In the companies you worked for before Google, was it natural that engineering and ops teams combined forces with other teams like product and sales. Was it like that?
In really small companies, everyone does everything. When you start getting into 20–30 person companies, DevOps almost occurs naturally. There’s almost forced collaboration because there’s no historical knowledge — especially in a startup, as you’re doing everything for the first time. As the company grows it becomes more important to adopt things like automation and codification, and there becomes a point where focusing on reliability and your customer is more important than delivering the next piece of functionality.

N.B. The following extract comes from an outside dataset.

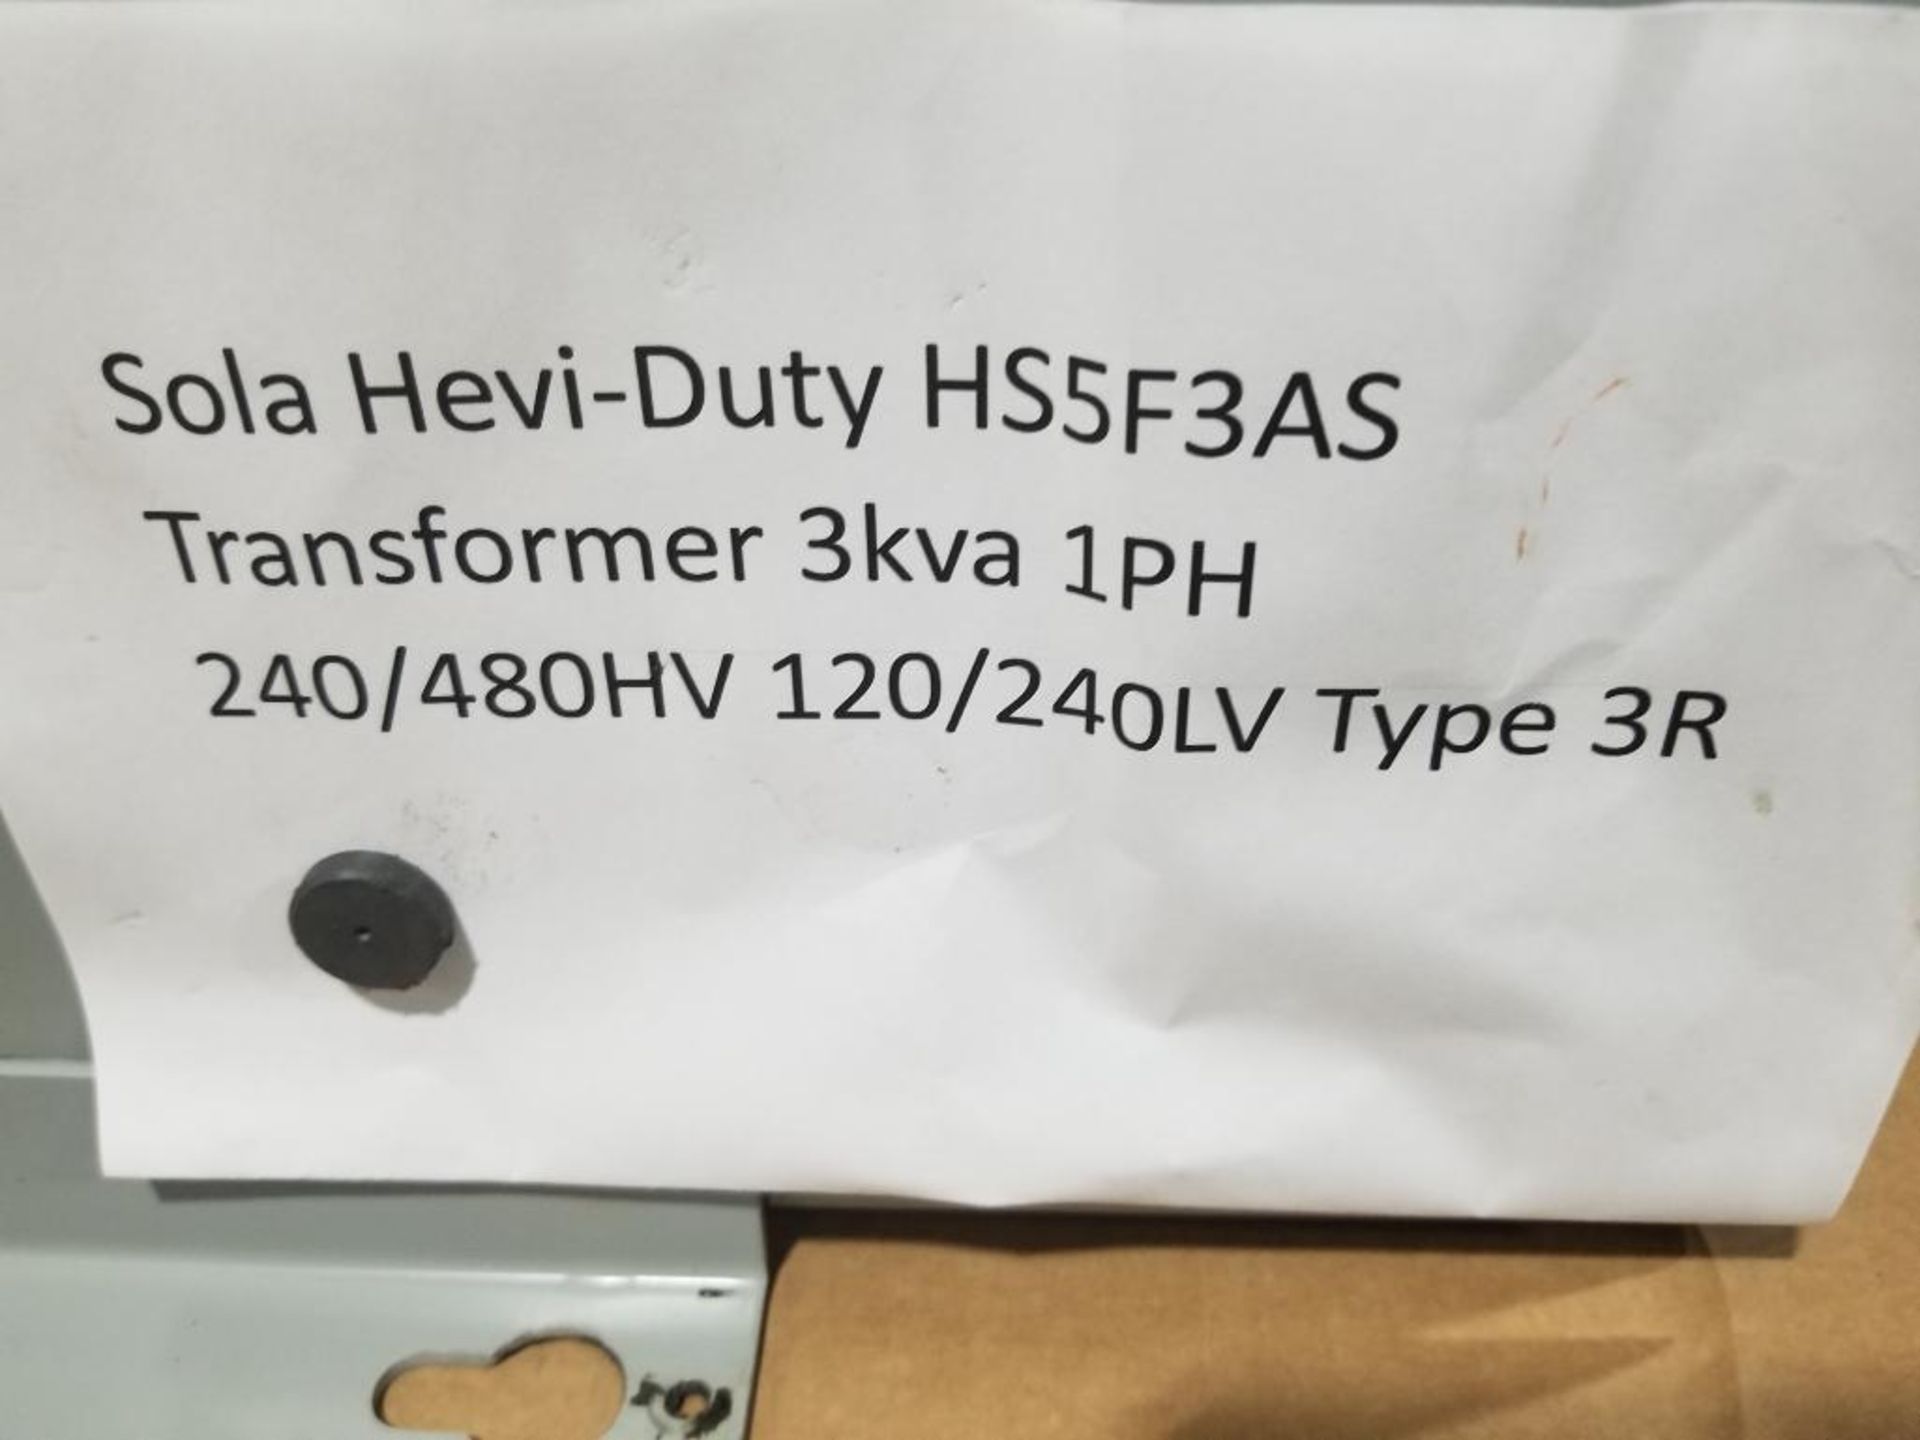 3kVa Sola Hevi-Duty transformer. HSSF3AS. - Image 4 of 4

You also have to remember that a lot of startups are focused on revenue-driven development or user-acquisition-driven development, because they got some funding and they have that much money to build something or prove something. Then they either need to become profitable or they need to show that they’re worthy of getting more money — particularly in the U.S., but that’s pretty common everywhere. When a startup is bootstrapped, making that money last is important. If you’re a bootstrapped startup you might not be able to afford a full-time SRE because you don’t have enough users to actually warrant it.
I think any [software] company with more than 25 employees probably needs SRE support.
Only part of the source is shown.